Werner uses focused group interviews to approach music experiences. She found that enjoying music while moving in public space and being emotional with music were common and important experiences. Werner believes that happiness, as an emotion, shows us what we value. It also shows us how power functions effectively in culture and society. Questioning this happiness from a feminist critical point of view is to kill joy. Werner proceeds to question the joy and effects of mobile music streaming.

Because Werner is a music researcher and a devoted consumer of popular music, listening to music in public space was also not new to her. However, prior to her autoethnography study done for a research project in 2012, she had not used Spotify and VK. She believes that having so many people she knew shared the space she listened to music in. She also thinks that the lack of children in her life did the same. Werner goes on to discuss the function and design of the apps. When using them, she found that VK was clearly inspired by the organization system in the interface of a computer.

On the other hand, Spotify visually reminded her of iTunes. Werner discovers that, although both apps have search functions, they work differently. VK divides searches by how popular a song is and its duration while Spotify’s division of artist was ultimately based on naming. Werner also states in her article that both apps claim to provide the user with suggestions of what to listen to. Both apps suggestions are based on what the user has listened to in the past along, but VK also makes suggestions based on what is popular. On the other hand, Spotify also bases suggestions on what the user’s friends are listening to.

Werner discovers that on both apps assume that there is only one user per account, so if, for example, you share your account with your children the suggestion will become slightly schizophrenic. Werner believes what people have listened to will shape what they will listen to in the future. As the choices of music and representation of them are embedded in gendered and racialized genre classifications the becoming also shapes culture patterns of power and difference. Werner continues her argument by stating that when she listens to music on the move, two emotions stand out: happiness and anger. She believes, however, that these are not the only emotions that she felt while streaming music but claims that these emotions deserve attention because they were prominent and they oriented me in the particular cultural practice.

Werner states that the key to understanding music listening in public space is the experience of making public space your own space by adding audio that is familiar to you. Werner claims that fulfilling forward motion and feeling happy while streaming music says something about the normative subjectivity. It is good to move forward, to be happy, to run and to work; therefore, Werner believes that when mobile music streaming changes public space into a happy space, it is not representing the user’s individual management of moods, but what is valued. In conclusion, the author believes that music streaming is an emotional practice in public space which affects the body’s movement as well as subjects being moved by feeling.

Werner explains that the feeling of happiness in mobile music streaming moves one forward in space. Anger, on the other hand, is induced by failure and makes movement and achievements come to a halt. Thus saying that mobile music streaming either motivates and encourage people to move forward, run faster and do better.

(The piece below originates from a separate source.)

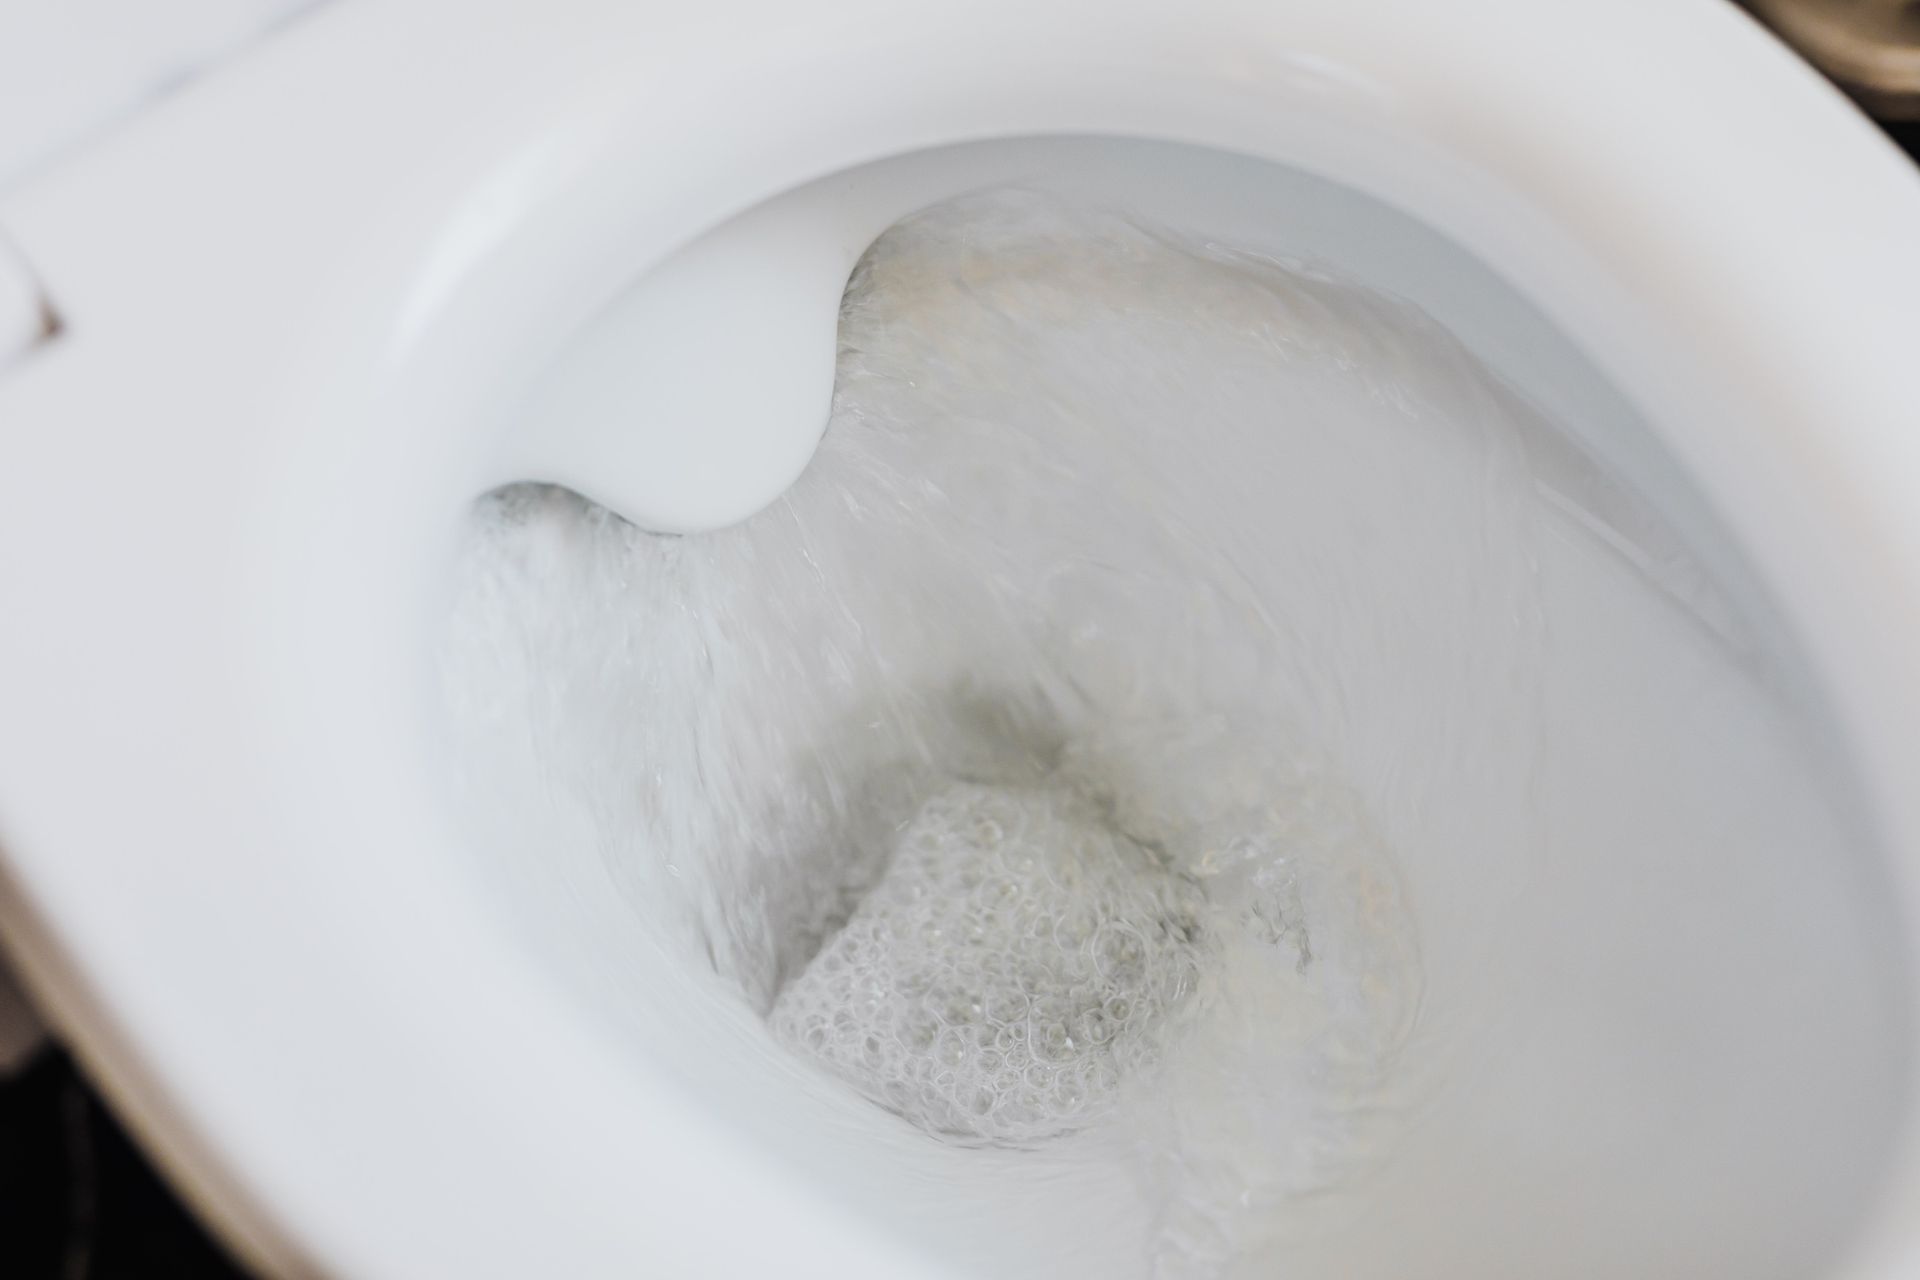 A picture of the inside of a flushing toilet bowl

Or it can stop people, create a space to reflect and be angry. Werner states that happy mobile streaming leads to embodiment, but people with failed streaming experiences and anger over them halts this progress and causes uncomfortable feelings which provides a possible space for alternative directions. The author believes that wider implications of her article are that the importance of mobile music streaming may not lie in the music chosen, the software, or the listener, but in the practices and discourses shaping the lives of people streaming the music.